The interface of Compressor is designed to be as simple as possible. It’s also arranged to clearly demonstrate the workflow of creating multiple versions of each file by building a list of settings for each source element. 

The interface consists of a preview player, so you can identify imported files and a Batch panel where files are listed alongside their assigned export instructions. You can also choose to display the Inspector, which details all of the technical information about each template setting, and a Quick Applications sidebar, which contains all of your presets.

There are two ways Compressor can receive files: from Final Cut Pro or by adding them directly.

Step 1: Import files to Compressor from Final Cut Pro X

  1. Open the Project ready for exporting. 
  2. From the menu, select File > Send to Compressor.
  3. Compressor will launch. 

Alternatively, open Compressor, and click either Add File in the Batch window or click File > Add File.

Step 2: Select Settings

Before the file appears in Compressor, a window containing the list of presets is made available. The disclosure triangle reveals the sub-options for each destination. 
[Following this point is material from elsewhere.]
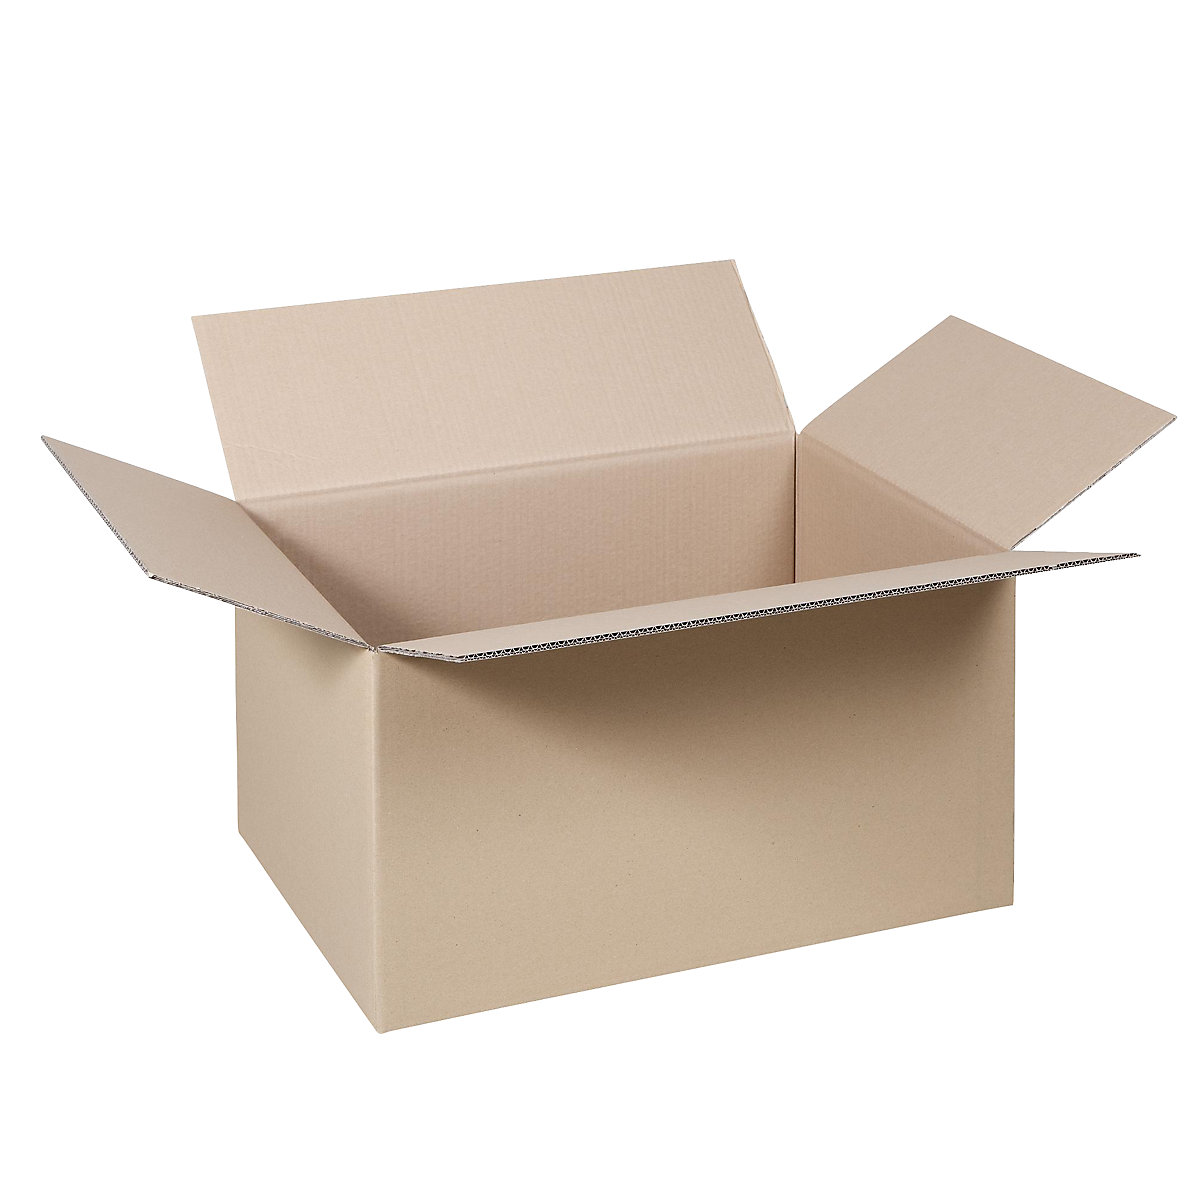 Cutie de carton pliantă, FEFCO 0201, cu 2 straturi de carton ondulat, dimensiuni interioare 600 x 400 x 300 mm, amb. 50 buc.-26

  1. Select either a single setting or multiple using click + Command
  2. From the Location drop-down menu, choose where you’d like the newly created export file to be saved. Default (Source) means it will be saved in the same location as the original file undergoing the compression process.
  3. Once an initial preset is assigned, more can be added by clicking Add on the right side of the column. 

2. Templates & Presets

The presets themselves are designed to be easy to understand. The top line description relates to either a particular platform (online and physical media) or a family of formats related to each other by a common purpose.

Assigning a preset to a file is very simple and quick to do.

Step 1: Adding a setting from the sidebar

  1. Open the sidebar 
  2. Expand the list under each heading to reveal the specific settings
  3. Drag-and-drop the setting onto the clip on the Batch list. 

3. Customizing Settings

Compressor is designed to satisfy editors that have a list of specific technical settings to follow, and those confident enough to experiment. By opening the Inspector, the detailed specification of each template is revealed. 

Each setting will have certain elements that can be altered, once they’ve been applied to a clip. If you have precise instructions to follow, there should be relevant options to adjust the master setting accordingly. 

For instance, if you wish to compress a video for Blu-ray compatibility, detailed controls over the frame size, frame rate, and bitrate quality are available, as are many others. Remember that if you’re trying something for the first time, review your exported files before sharing and allow time for experimentation with various settings. 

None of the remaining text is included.